Now, using the formulas of R-squared and adjusted R-squared below, and your Python/numpy knowledge, compute them and contrast them with the R-squared and adjusted R-squared in your statsmodels output using stepwise selection. Which of the two models would you prefer?

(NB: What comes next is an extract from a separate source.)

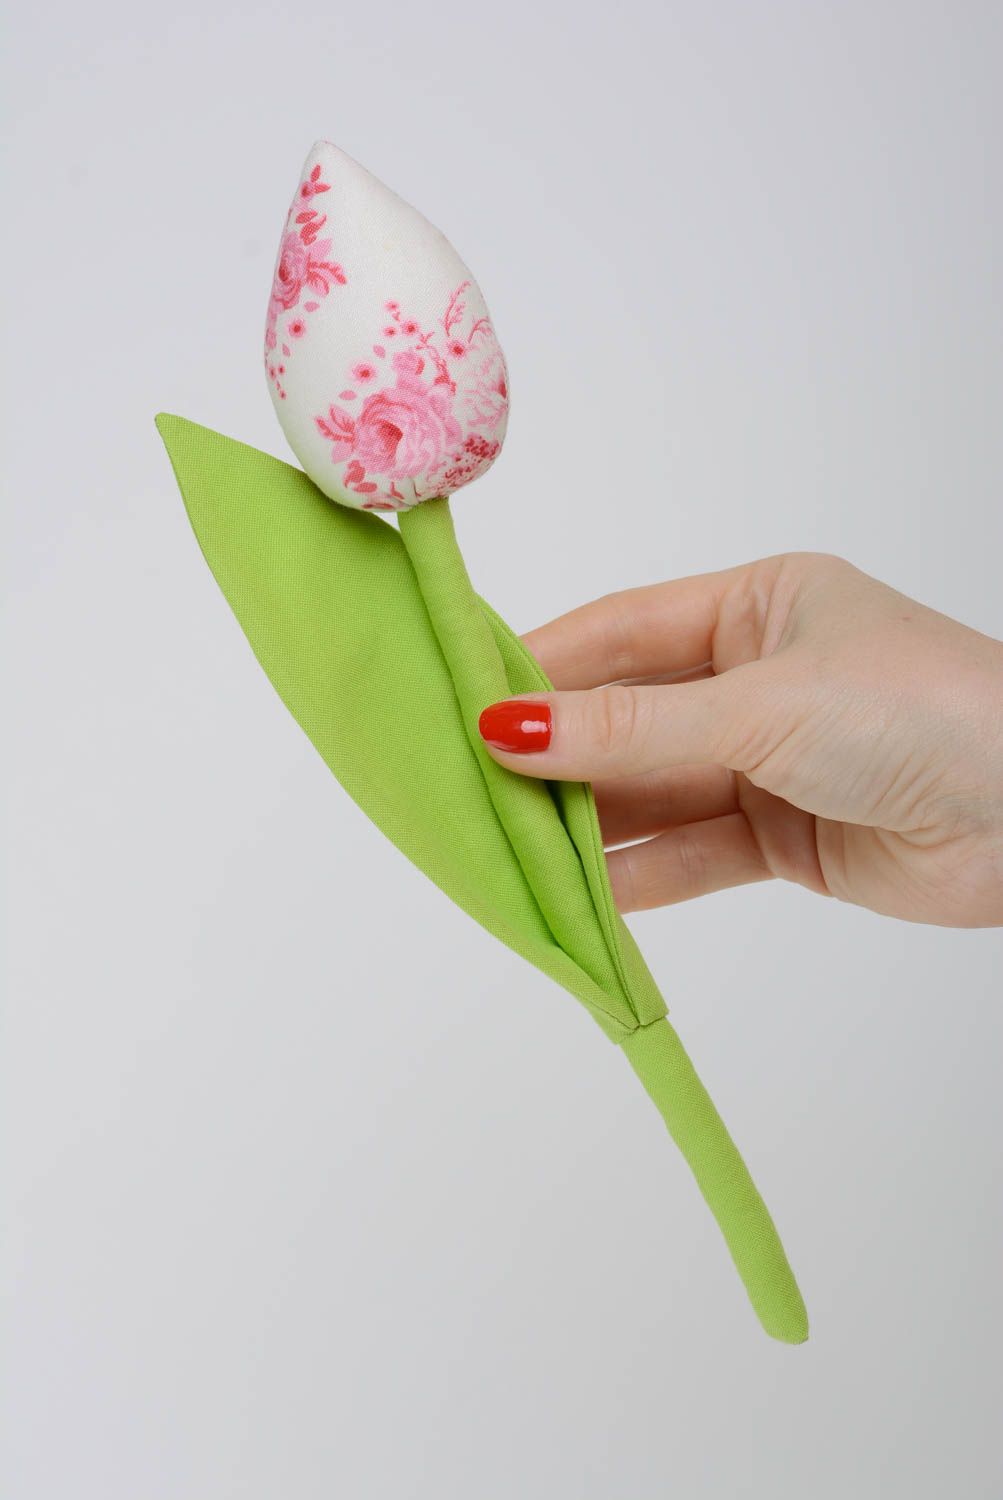 Текстильный тюльпан из хлопка на гибкой ножке для декора или фотосессии хенд мэйд фото 4

$SS_{residual} = \sum (y - \hat{y})^2 $

$SS_{total} = \sum (y - \bar{y})^2 $

$R^2 = 1- \dfrac{SS_{residual}}{SS_{total}}$

$R^2_{adj}= 1-(1-R^2)\dfrac{n-1}{n-p-1}$

In [None]:
# Your code here

# r_squared is 0.742981  
# adjusted_r_squared is 0.740411

## Level up (Optional)

- Perform variable selection using forward selection, using this resource: https://planspace.org/20150423-forward_selection_with_statsmodels/. Note that this time features are added based on the adjusted R-squared!
- Tweak the code in the `stepwise_selection()` function written above to just perform forward selection based on the p-value 

## Summary
Great! You practiced your feature selection skills by applying stepwise selection and recursive feature elimination to the Boston Housing dataset!